About 4.8 million children in the U.S. have asthma, which has signs like breathing difficulties, wheezing, coughing, and tightness or pain in the chest, according to the Asthma and Allergy Foundation of America, citing information from the National Center for Health Statistics. There has been much less attention paid to the rate of new asthma diagnoses during the pandemic, despite numerous research papers showing declines in the worsening of pediatric asthma during the pandemic. Researchers at Rutgers Biomedical and Health Sciences set out to investigate the prevalence of diagnoses in the United States based on data from Japan. Researchers claim that masking and separating children during the pandemic may be the best way to prevent new asthma diagnoses from falling so significantly, even though more study is needed to understand why.

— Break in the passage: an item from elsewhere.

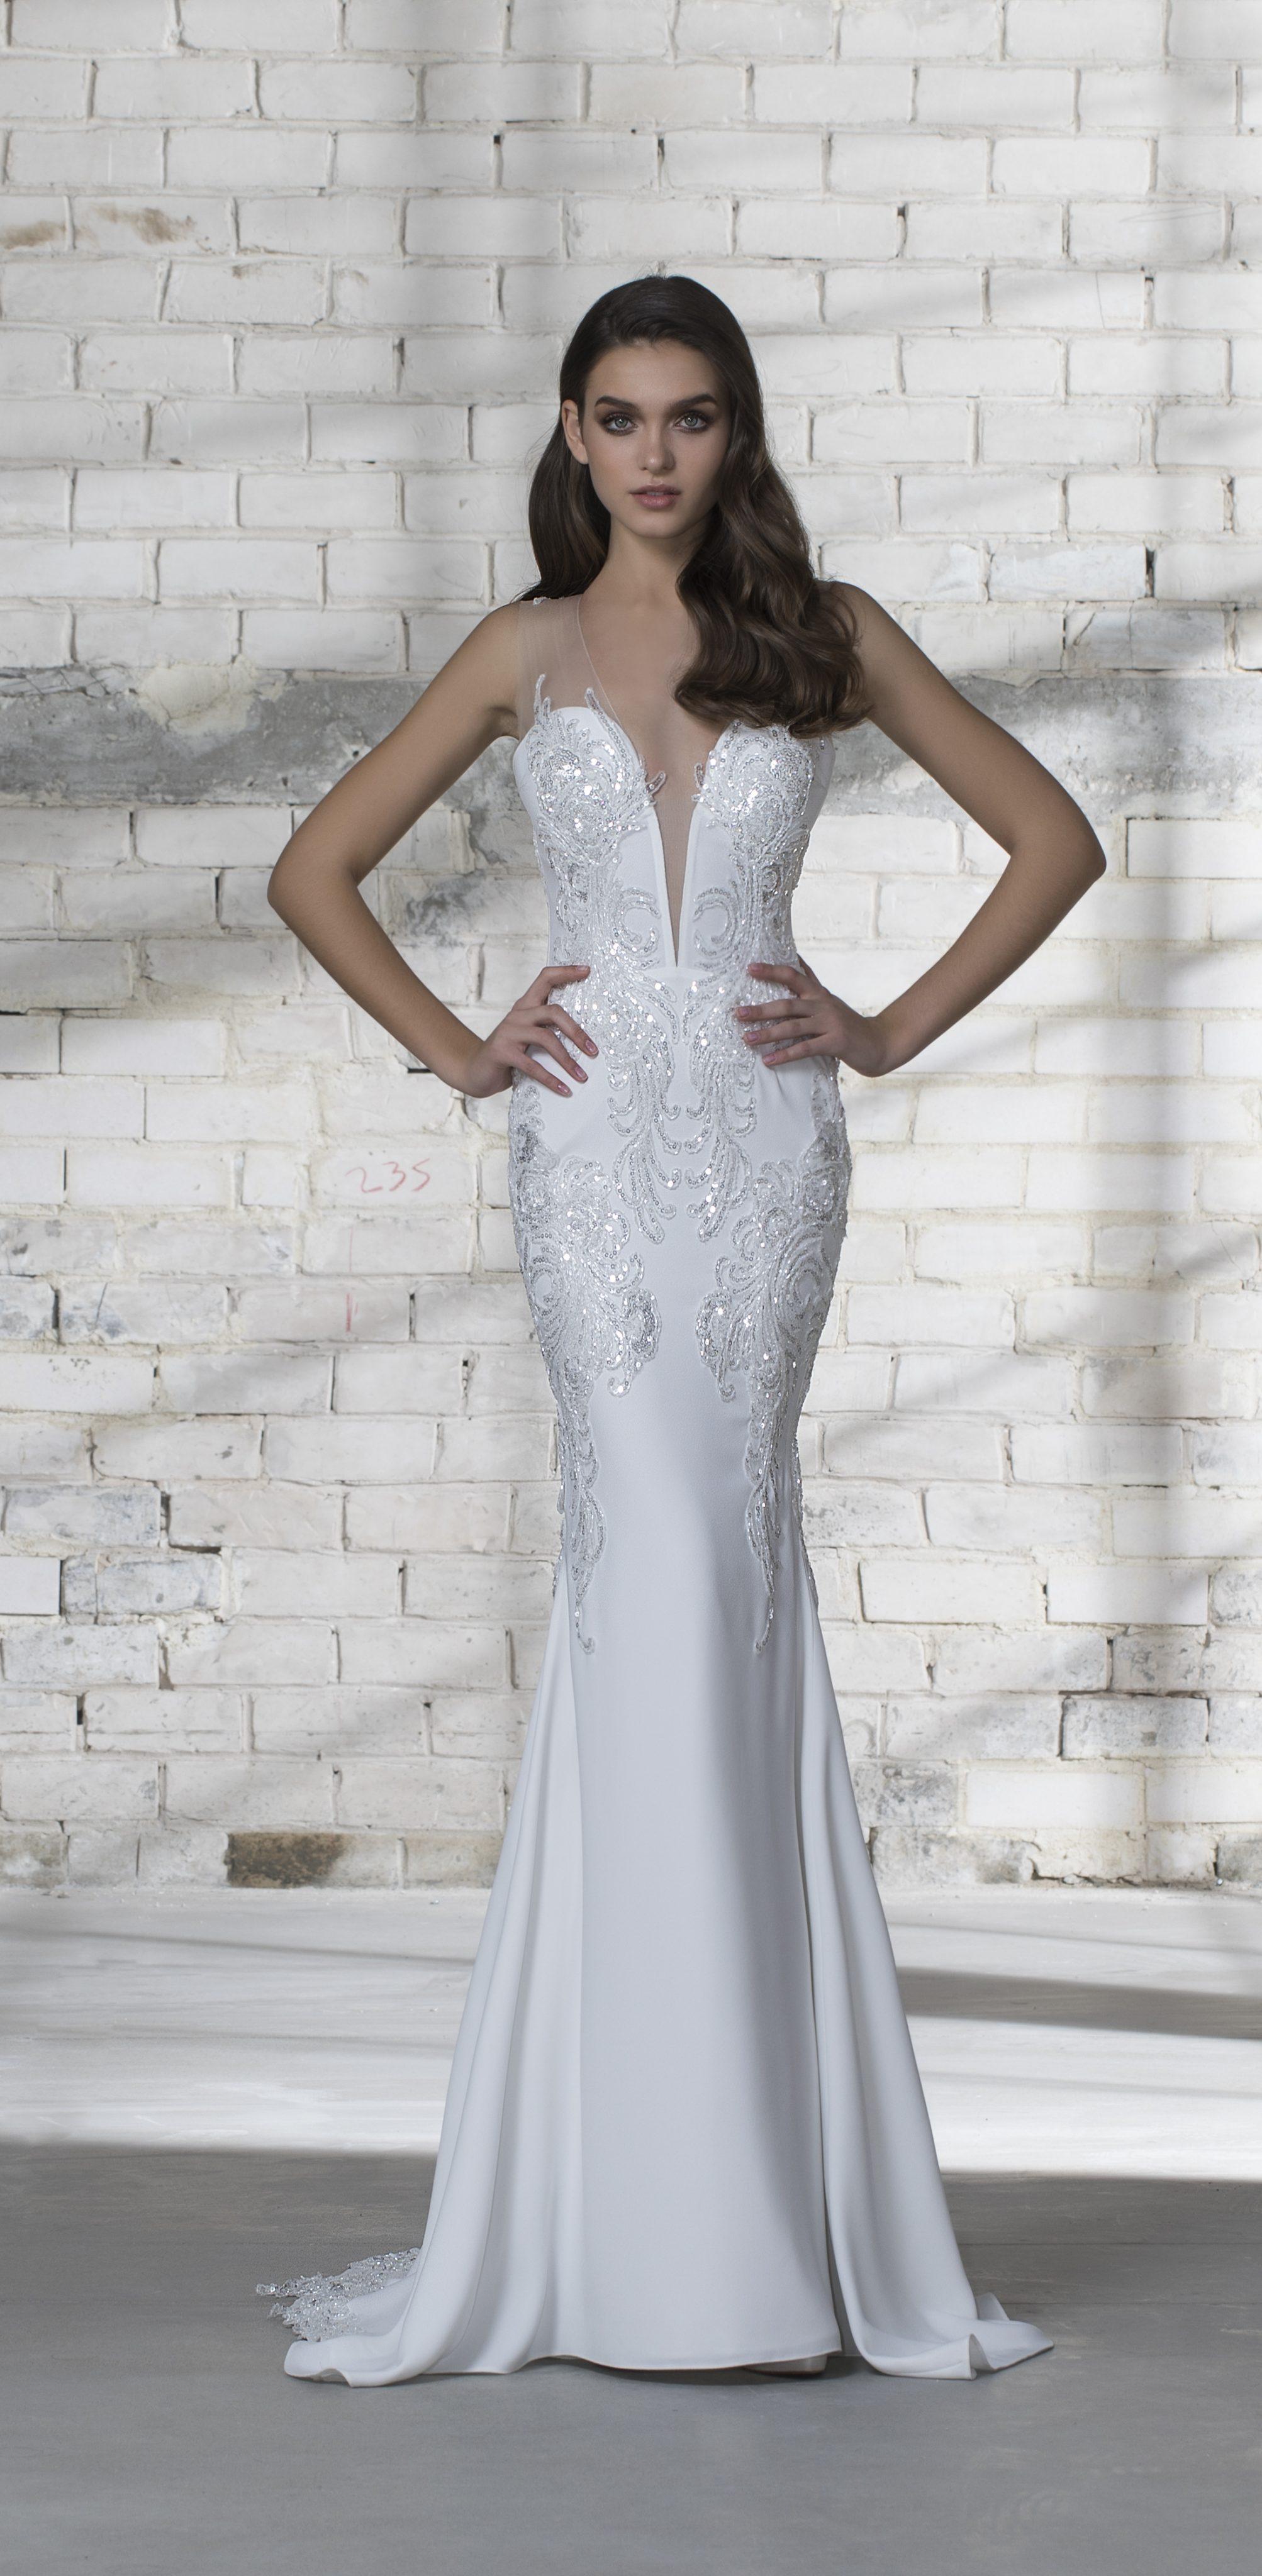 bfa6bc549 Plunging Neckline Sequin Detailed Sheath Wedding Dress

“We think this may have occurred in part because, earlier in the pandemic, children were separated, wearing masks and getting fewer regular colds that could trigger asthma,” said Horton, who is an assistant professor of pediatrics at Rutgers Robert Wood Johnson Medical School and an assistant professor of epidemiology at Rutgers School of Public Health. “No one wants to keep children out of school or separated, but having kids wear masks while they have a cold or the flu might be a way to keep other kids who are at risk for developing asthma a little safer.”
Co-authors of the study include Brian Strom, the chancellor of Rutgers Biomedical and Health Sciences; Stephen Crystal and Cecilia Huang of IFH; Reynold Panettieri of Rutgers Institute for Translational Medicine and Science; and collaborators from Carelon Research.